JAVIER FERNÁNDEZ O LA INTENSA ABSTRACCIÓN DE LA VIDA COTIDIANA
Carlos Ramírez Vuelvas
Pocas veces la abstracción reveló en sus colores tantas emociones cotidianas,
como en la obra de Javier Fernández. Aquí la violencia gris de una tormenta cayendo detrás de un ventana, sobre un fondo amarillo; allá el paralelo curvo de un par de plátanos negramente tatemados; luego, la verde alegría de una botella cuelga, bailarina, de un marco rojo; y más allá la silueta de una mujer se plasma, entera en su desnudez, encarnada en su desnudez, en el perfil de un rosa ligeramente degradado.

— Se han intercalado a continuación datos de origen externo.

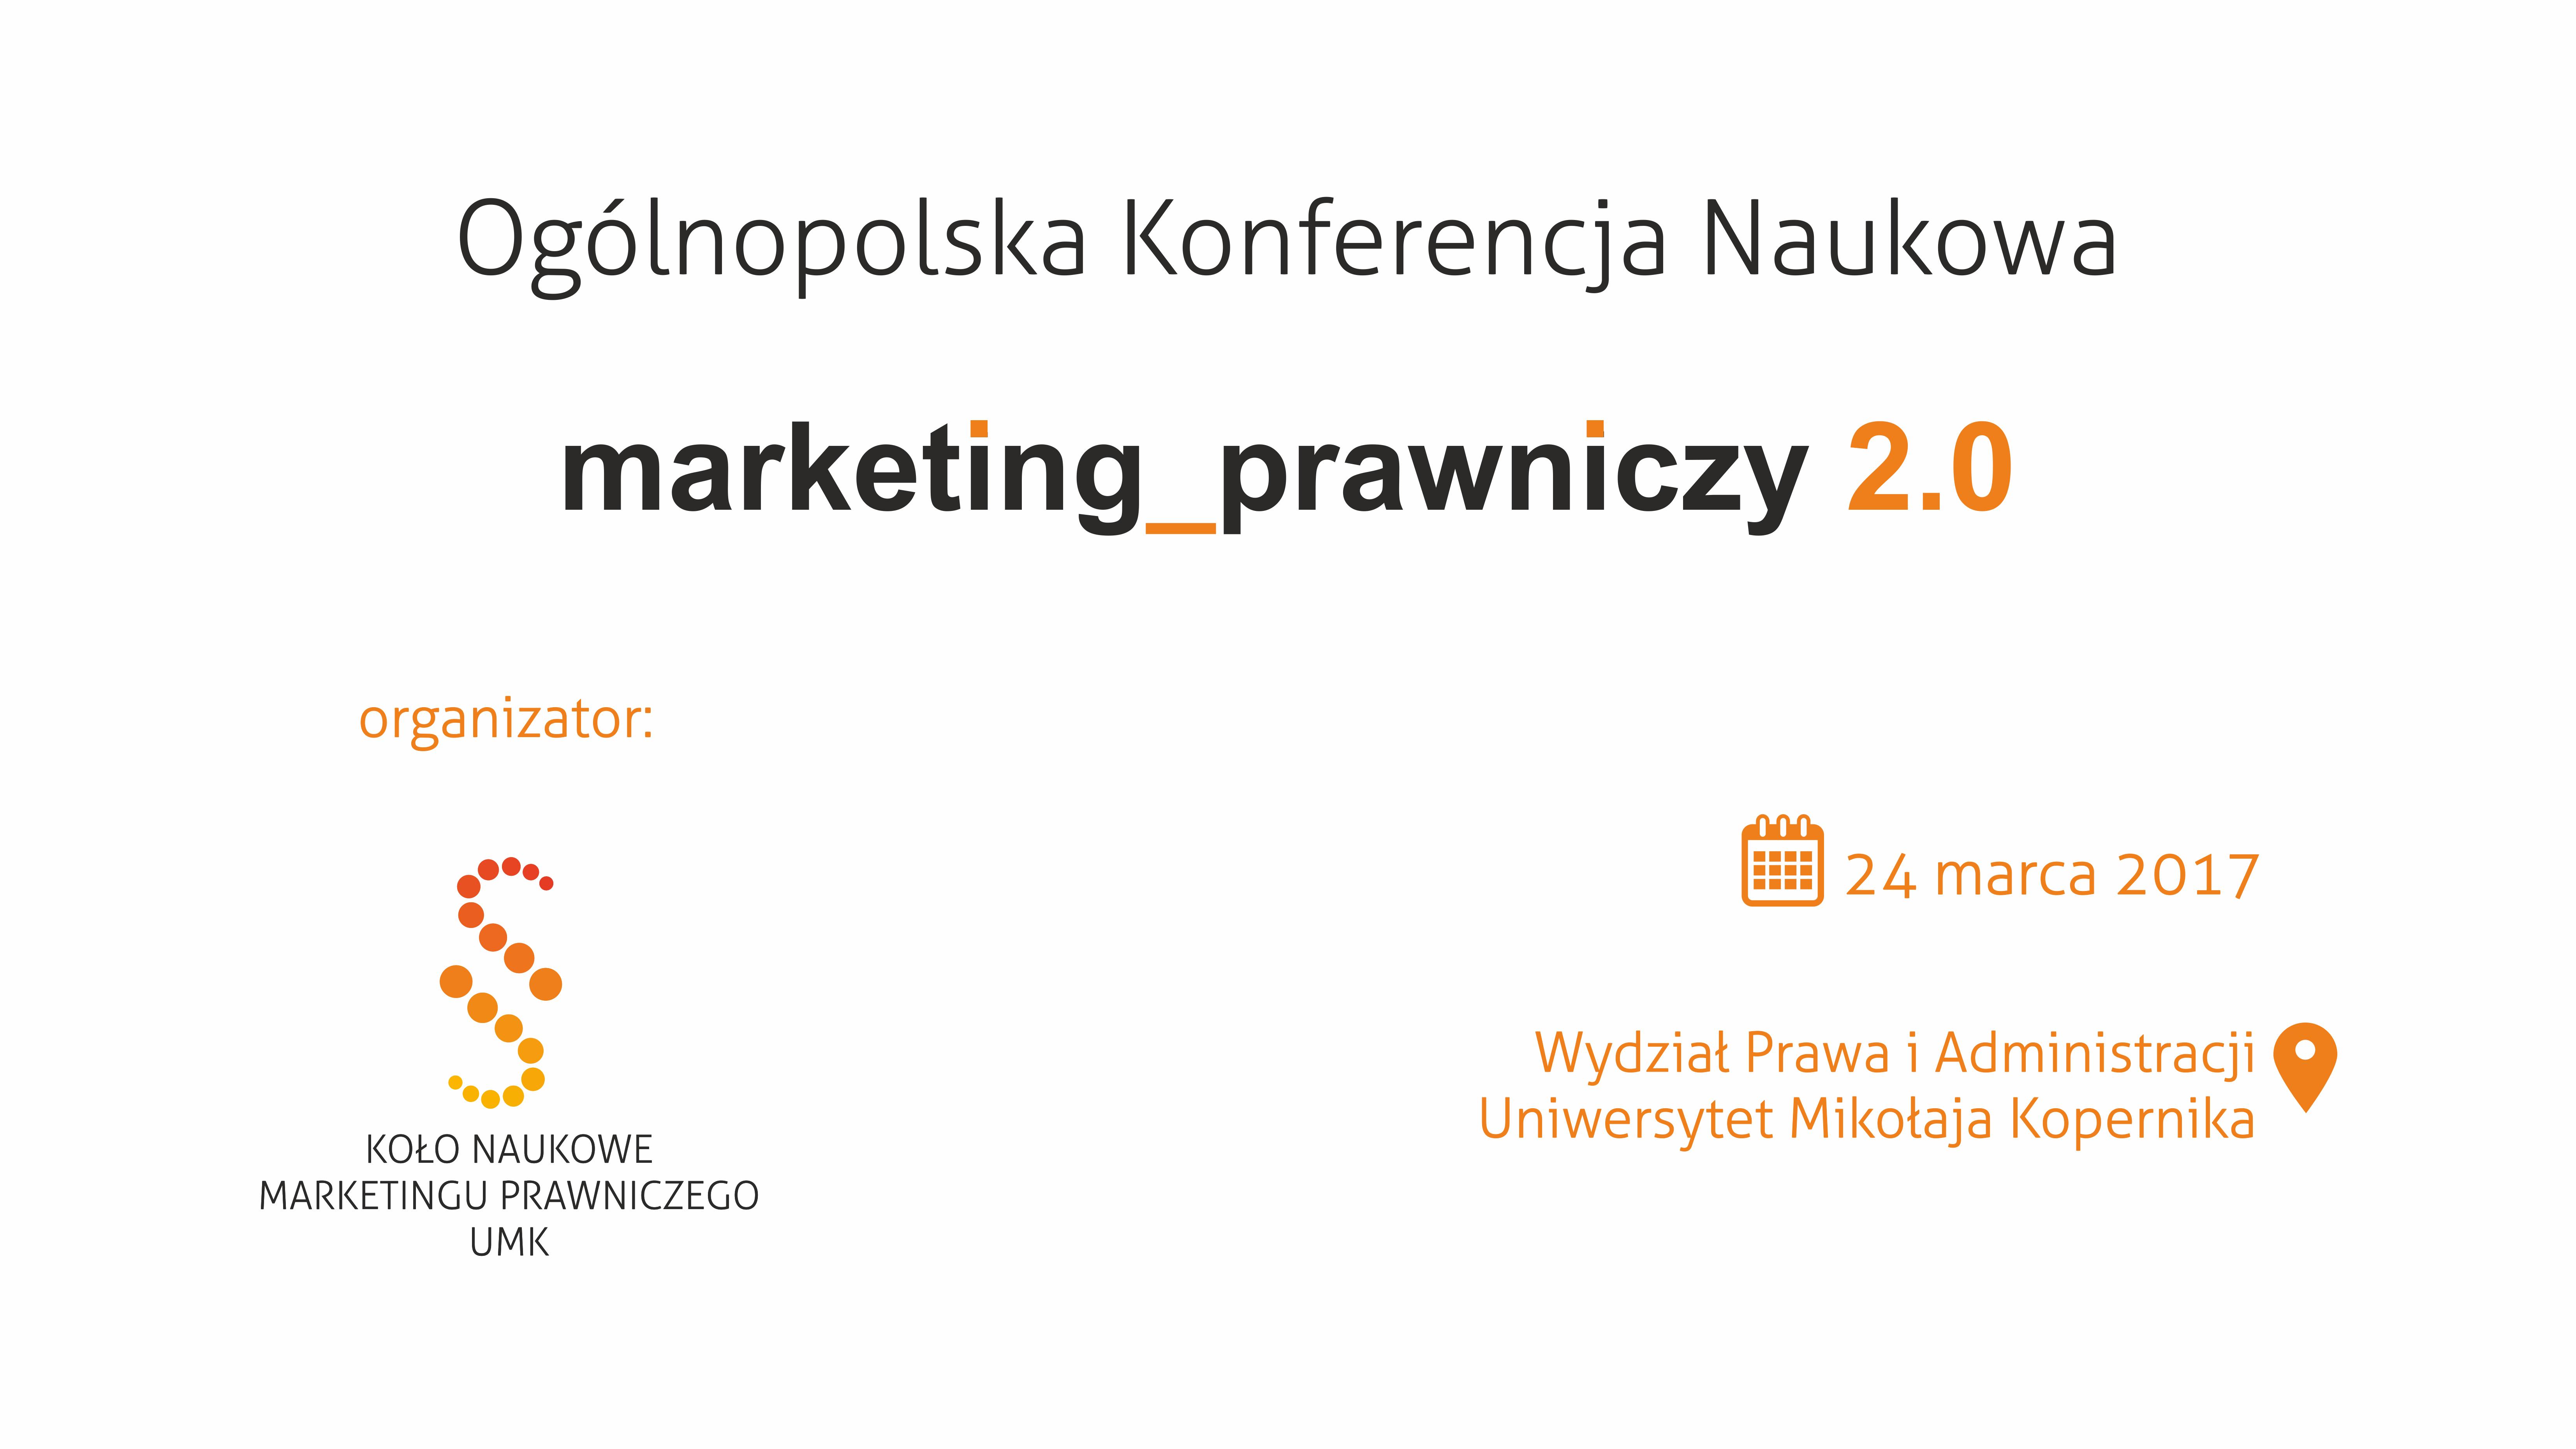 ogolnopolska-konferencja-naukowa-marketing_prawniczy 2.0-marketingprawniczyumk-banner

En la historia de los colores colimenses (este verde rabioso urgido por el azul desbordado que abraza al sol), tal vez nadie nos reveló, como Javier Fernández, que las figuras del mundo, de nuestro mundo, antes que figuras son colores; y antes que colores, una emoción colorida. Para ello, el pintor habrá interpretado las posibilidades de la figura, eso que los clásicos llamaron su esencia, el peso de su conciencia en el mundo, la identidad de la figura en los lugares. En el trópico, la materia es un manchón que ocupa un sitio en el espacio. Por la obra de Javier Fernández sabemos que el color existe para aguzar la percepción del ojo. Miro Salón México: la noche baila con un rojo encendido, con un blanco nebuloso. Miro After the Storm: en la fuerza del anaranjado, el paisaje no diluye sus colores: después de la borrasca, en la intensidad de una luz que nace, el paisaje recobra su sentido. Miro Campo de Jamaica: toda roja la pupila pareciera llorar, pero mitiga la sed con agua y --en carmesí-- con su delirio. De esta paleta enamorada de los colores más profundos de las cosas, prefiero aquella que sabe desnudar la vida cotidiana. No hay imaginación más delirante que, como la de Javier Fernández, se dispone a interpretar con tanta naturalidad (inteligencia, emoción, colores que acarician la mirada) estos días que pasan.